Considering this model, the difference between pathway frequencies can be understood as a change in the equilibrium between the border and interior states. Because the number of neighbors a given protein has depends upon the local packing and size of its side chain as well as those in its vicinity, using a numerical solution to empirically observe the pathway frequency is required for each system of interest. To understand the general trends, a lattice protein model with systematic modulation of residues of regular size could be developed. However, to understand the trends from this study, let us assume that the densities of the packed portion of the proteins are equal and that the average number of neighbors does not change between proteins. PDZ, being a globular protein, has the smallest surface to volume ratio and therefore the least residues on the border. In this case, the model will be in the interior state most of the time, most residues will have ample neighbors such that the randomly chosen residues will frequently appear in the list of neighbors, and the next step is often possible. However, in the case of more geometrically complex proteins, the geometry dictates that the surface to volume ratio is larger; more states have fewer neighbors. Thus the path is more prone to termination. This is exemplified in p53 and to a greater extent in MutS, which both require multidomain signaling to transmit the signal. In the Markov model, this is represented by a higher probability to transition to the border state, which in turn is more likely than the interior state to transition to the termination state.

This idea is also borne out in the study of varying cutoff distances. When the cutoff approaches a bond length, pathways can not be formed. As the cutoff becomes larger, the larger the sphere encompassing neighbors becomes, and the more likely a residue from the random 20% selection will be a viable next step. For the smaller PDZ and p53 proteins, pathways were readily found when the cutoff was around 10Å. However, for the much larger protein MutS, a cutoff of around 18Å was required to observe the same effect.

The unexpectedly high prevalence of contiguous networks in light of the possible existence of energetic pathways which do not have the contiguity constraints opens the possibility that more energetic pathways than have been recognized up to this point may exist or coexist with contiguous pathways. The duplication of the signaling in proteins could be an evolutionary mechanism by which the essential functionality of signaling is preserved in a robust form resistant to point mutations.

The elucidation of all possible allosteric networks in proteins could bear importance on rational design of allosteric drugs. With the emergence of means by which protein networks can be predicted coupled with development of tests to verify allosteric control, engineering small molecules to interact with the sector is now becoming possible. Recognition of all possible networks could open greater opportunities for allosteric control of proteins through rational design strategies.

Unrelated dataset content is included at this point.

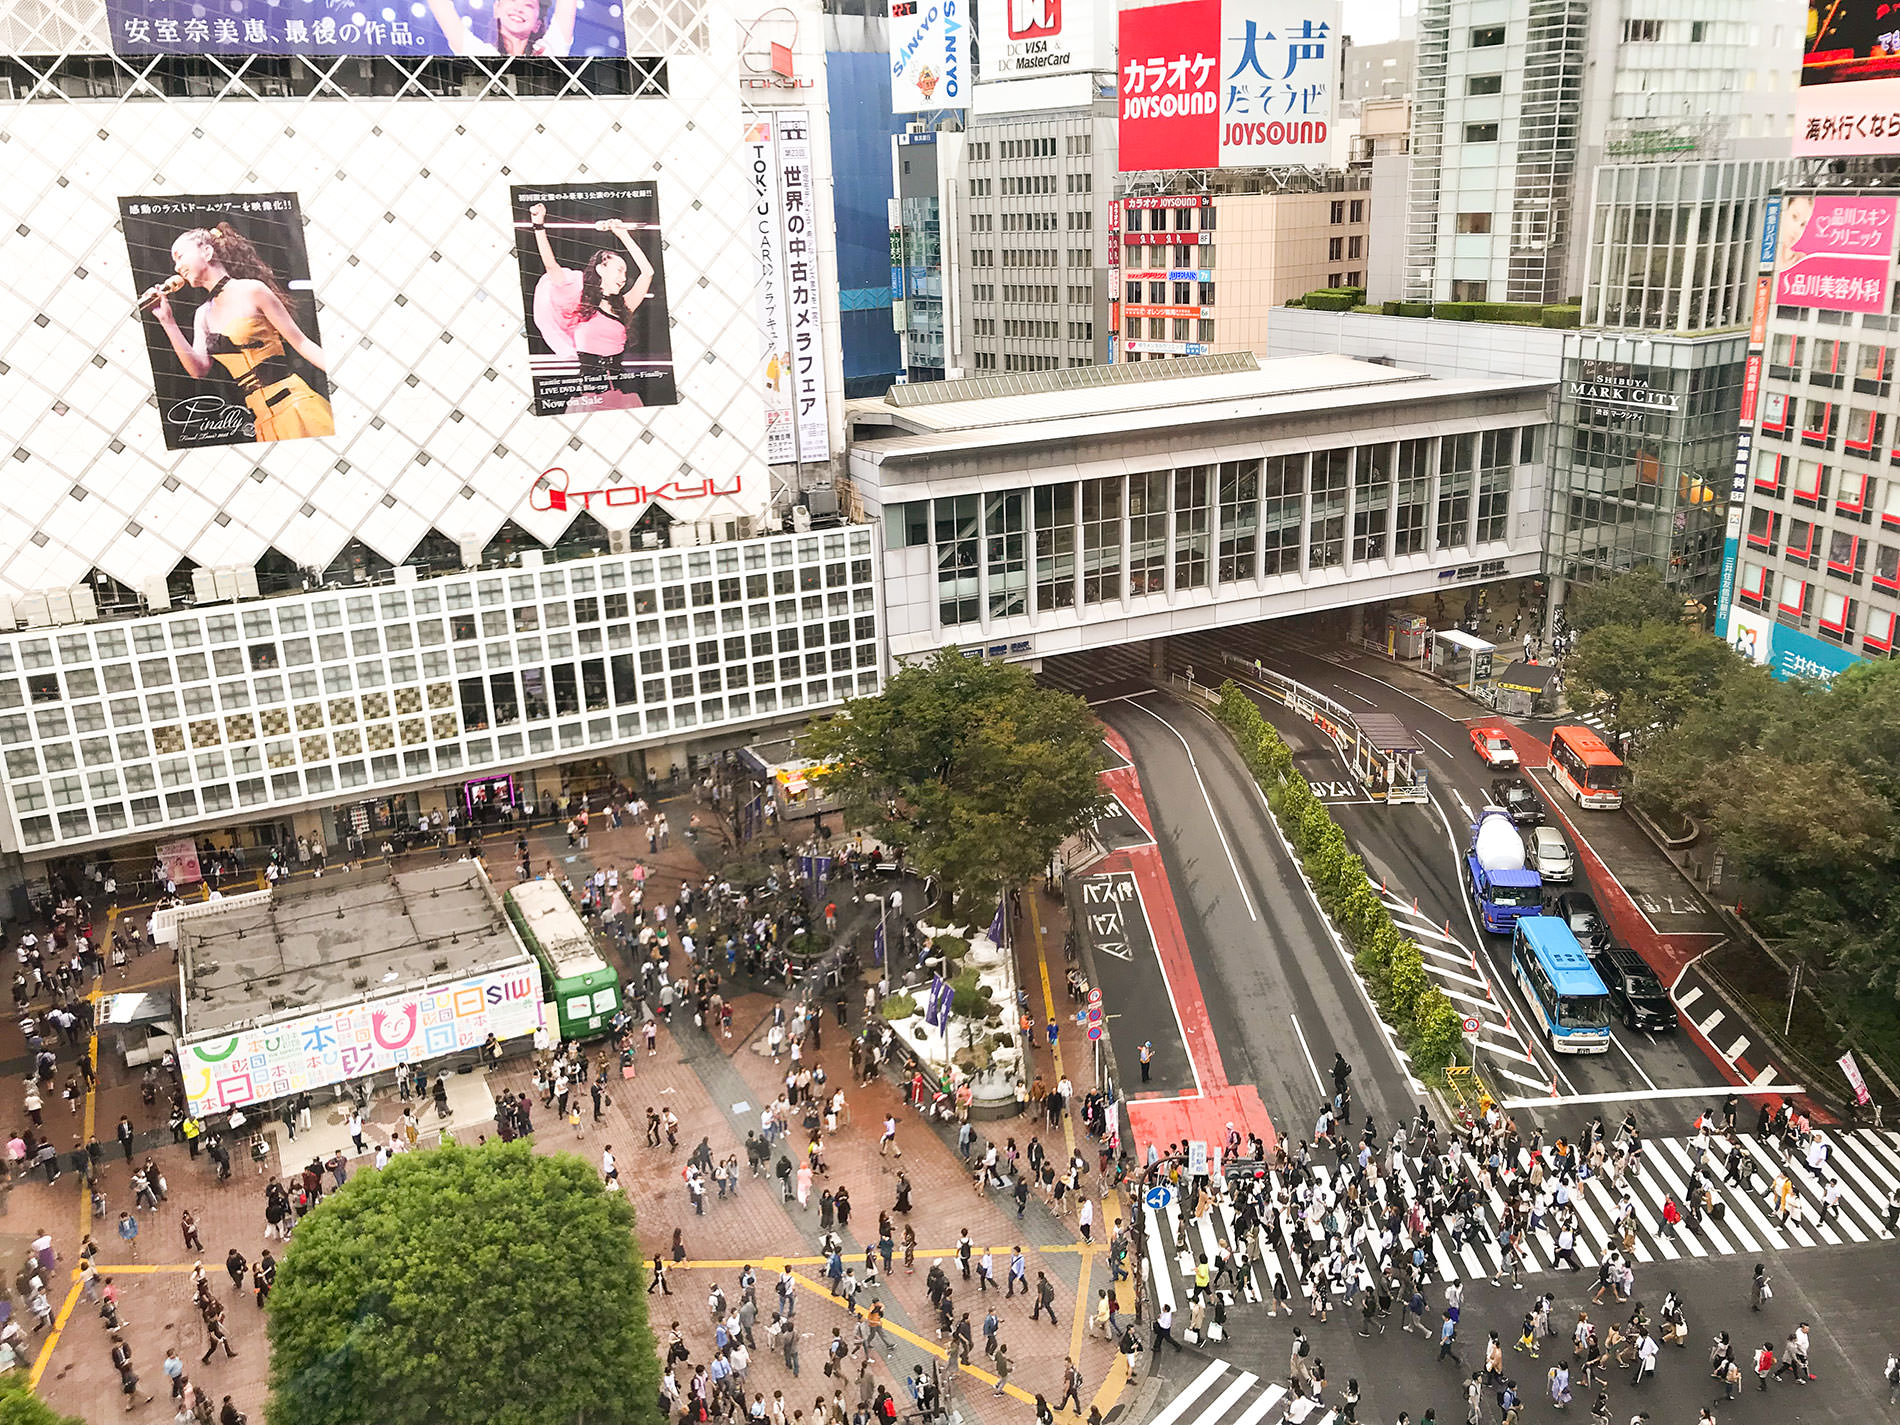 東急東横店解体 / 渋谷駅前再開発 / 2022年夏 // Demolition of Tokyu Toyoko Store / Redevelopment in front of Shibuya Station / Summer 2022

In conclusion, we have successfully tested the emergence of pathways in proteins by randomly selecting 20% of the amino acid residues and asking what percent of those trials connect points of allosteric regulation to the binding site in a continuous pathway. The findings indicate that the answer varies considerably with the system, but some general principles have emerged. Pathways most readily formed in the small globular protein and increasing size and complexity made their emergence more challenging. Thus we have provided benchmarks for the significance of randomly generated pathways, and suggest a method by which other systems of interest may be tested. We suggest that the observed trends may be considered as a Markov process, with the most important factor being the prevalence of neighbors to determine how readily paths may form. Given that pathways may be more abundant than previously thought particularly in globular proteins, the importance of verifying the signaling paths becomes apparent. Furthermore, it has suggested that several pathways may coexist. The existence of contiguous pathways does not necessarily rule out the possibility of other signaling pathways.

4. Methods

Protein model systems. The model systems chosen were PDZ, p53, and MutS, selected to span a range of sizes and shapes. PDZ is a well-known relatively small allosteric protein in which a pathway has already been posited [39]. The starting structure was the crystal structure 1BE9 [63]. Note that the numbering of residues as found in the crystal structure, 301 to 415, was maintained. MutS was chosen as a multidomain allosteric protein with a 100 Å distance traversed by the signal. The starting structure was the 1NNE crystal structure [64], with some minor adjustments made to convert it into the biologically relevant structure as previously reported [38,65]. The protein p53 was chosen for its intermediate size and complexity, having a post-translationally modified site at S46 in the N-terminal domain that propagates to affect DNA binding in the DNA binding domain [59,60]. Signaling pathways in p53 have not yet been reported to our knowledge, but may be of interest for further studies of the mechanism of action of this protein critical for cancer prevention. The starting structure was an engineered structure of the full length sequence, as this has not yet been available as a crystal structure due to the highly flexible N and C terminal domains. The UniProt[66] sequence ID P04637 was used as input to the phyre structure prediction [67] and the full length protein was obtained.

Casting the problem in graph theory. A graph G is defined G = (N,E,f(x)) in which each node n ∈ N represents a state, which in our case is an amino acid residue in a protein. Each edge is defined as the transition between nodes in Euclidean space or edge (n,n′) ∈ E. In our work, an edge is drawn if the Euclidean distance between amino acid residues is below a specified cutoff c. Search algorithms can be used to find paths within graphs. In the A* algorithm, f(x) is the heuristic cost function and is defined as the sum g(x) + h(x). g(x) represents the path cost function, indicating the cost from the start to the current node ni. h(x) is the heuristic estimate of the cost from node ni to the end node nend. Here, to obtain the value for h(x) take the straight line Euclidean distance from the xyz coordinates of the amino acid at ni to the amino acid at nend as the distance of the residues using distances of residues in the pairwise distance matrix.

Pairwise distance matrix. The coordinates for the model systems were converted to the native crd and prmtop formats using tleap from the AMBER suite of programs [6870]. In order to compute the distances between residues for establishing the specified cutoffs for viable pathways, the nativecontacts function from the AmberTools14 Suite [69,71] computed the pairwise atomic distances between residues and returned the minimum. This was used to generate a residue by all residue distance matrix. A python dictionary was constructed for each distance criterion for each model protein. A dictionary key was created for each residue in the protein, and its value corresponded to a list of the neighboring residues within the desired distance. This translated the molecule to a graph data structure.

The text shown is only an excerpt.